- A scene featuring future star Marlene Dietrich.
- German: Eine Dubarry von heute
- Directed by: Alexander Korda
- Written by: Lajos Bíró
- Produced by: Hermann Fellner Josef Somlo
- Starring: María Corda Alfred Abel Friedrich Kayßler
- Cinematography: Fritz Arno Wagner
- Music by: Werner R. Heymann
- Production company: Felsom Film
- Distributed by: UFA
- Release date: 10 January 1927;
- Country: Germany
- Languages: Silent German intertitles

= A Modern Dubarry =

1927 film

A Modern Dubarry (German: Eine Dubarry von heute) is a 1927 German silent drama film directed by Alexander Korda and starring María Corda, Alfred Abel and Friedrich Kayßler. The title is a reference to the life of the eighteenth century courtesan Madame Du Barry. It was made by Felsom Film and distributed by the major studio UFA. Location shooting took place on the French Riviera. The film's sets were designed by the art director Oscar Friedrich Werndorff. It features performances from Hans Albers and Marlene Dietrich both of whom later achieved greater fame.

==Synopsis==
A young woman working at a dressmakers rises to become a model and entertainer before falling in love with a King.

==Cast==
- María Corda as Toinette
- Alfred Abel as Sillon
- Friedrich Kayßler as Cornelius Corbett
- Gyula Szőreghy as Gen.
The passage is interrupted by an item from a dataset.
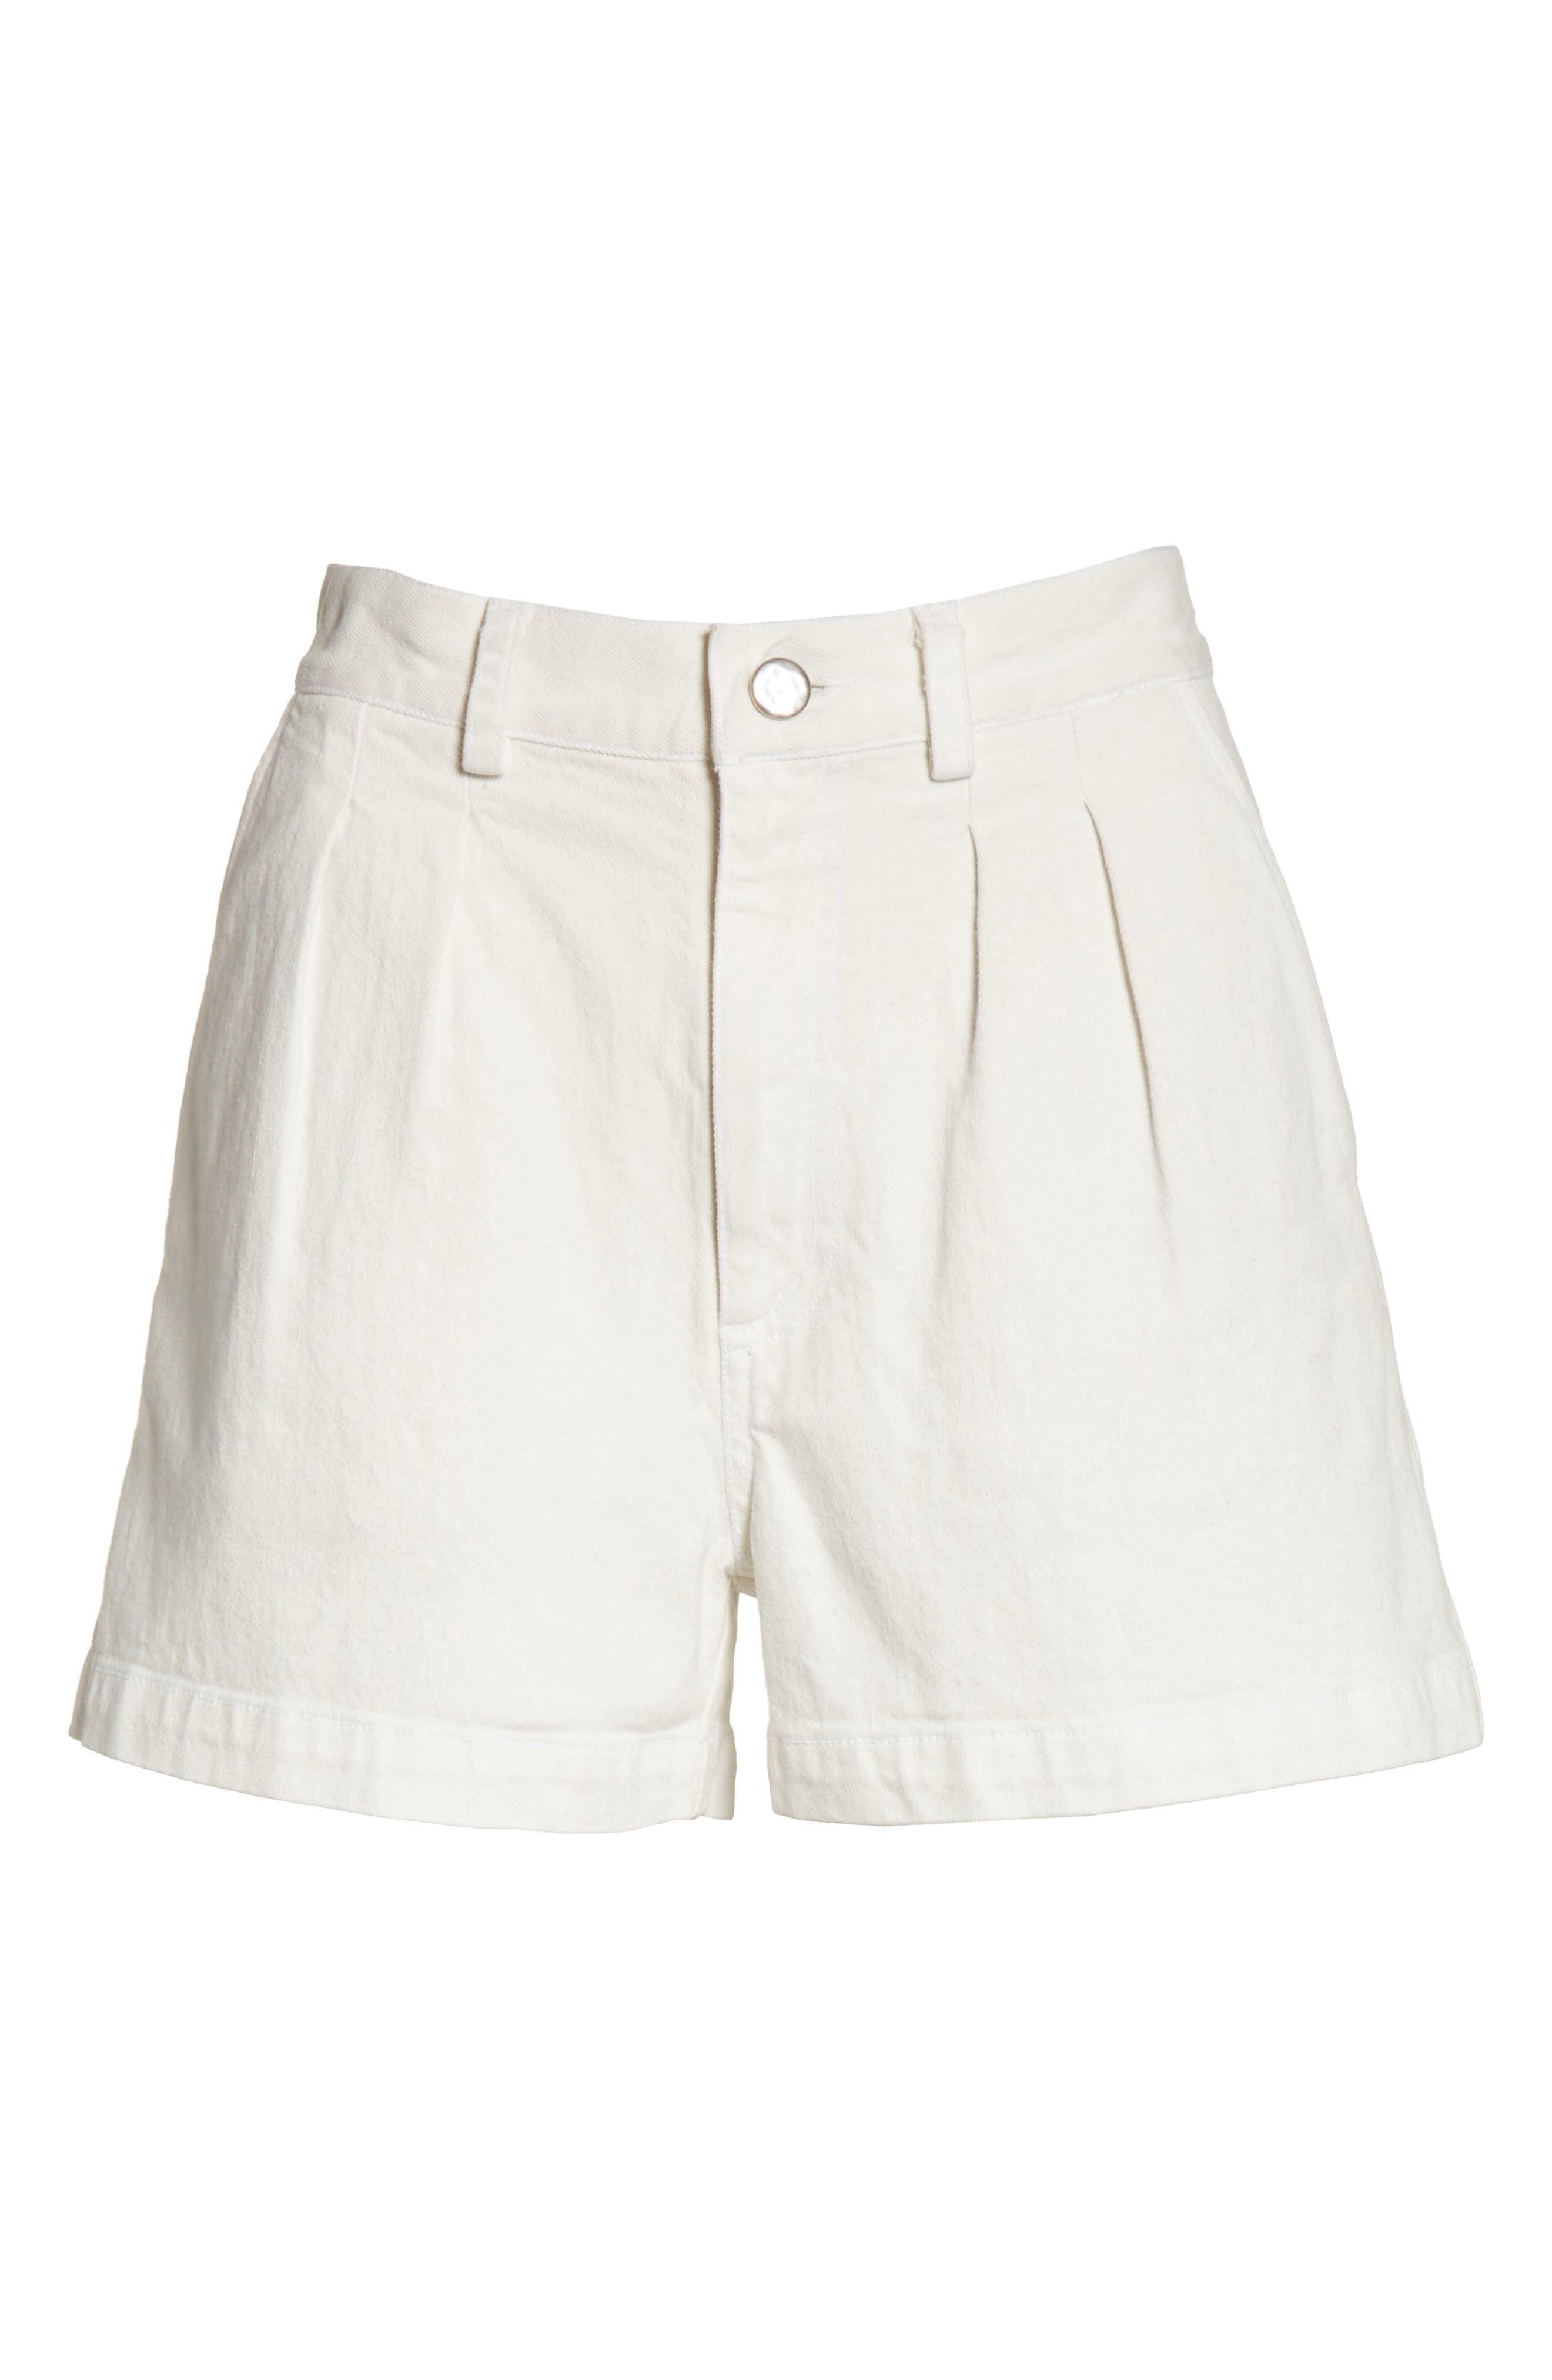 Daft Denim Shorts,                             Alternate thumbnail 6, color,                             Dirty White

Padilla
- Jean Bradin as King Sandor
- Hans Albers as Toinette's first lover
- Alfred Gerasch as Graf Rabbatz
- Albert Paulig as Clairet
- Hans Wassmann as Theater Director
- Karl Platen as Diener
- Eugen Burg as Levaseur
- Marlene Dietrich as Kokotte
- Hilde Radney as Juliette
- Julia Serda as Tante Julie
- Hedwig Wangel as Rosalie
- Lotte Lorring as Mannequin

==Bibliography==
- Kulik, Karol. Alexander Korda: The Man who Could Work Miracles. Virgin Books, 1990.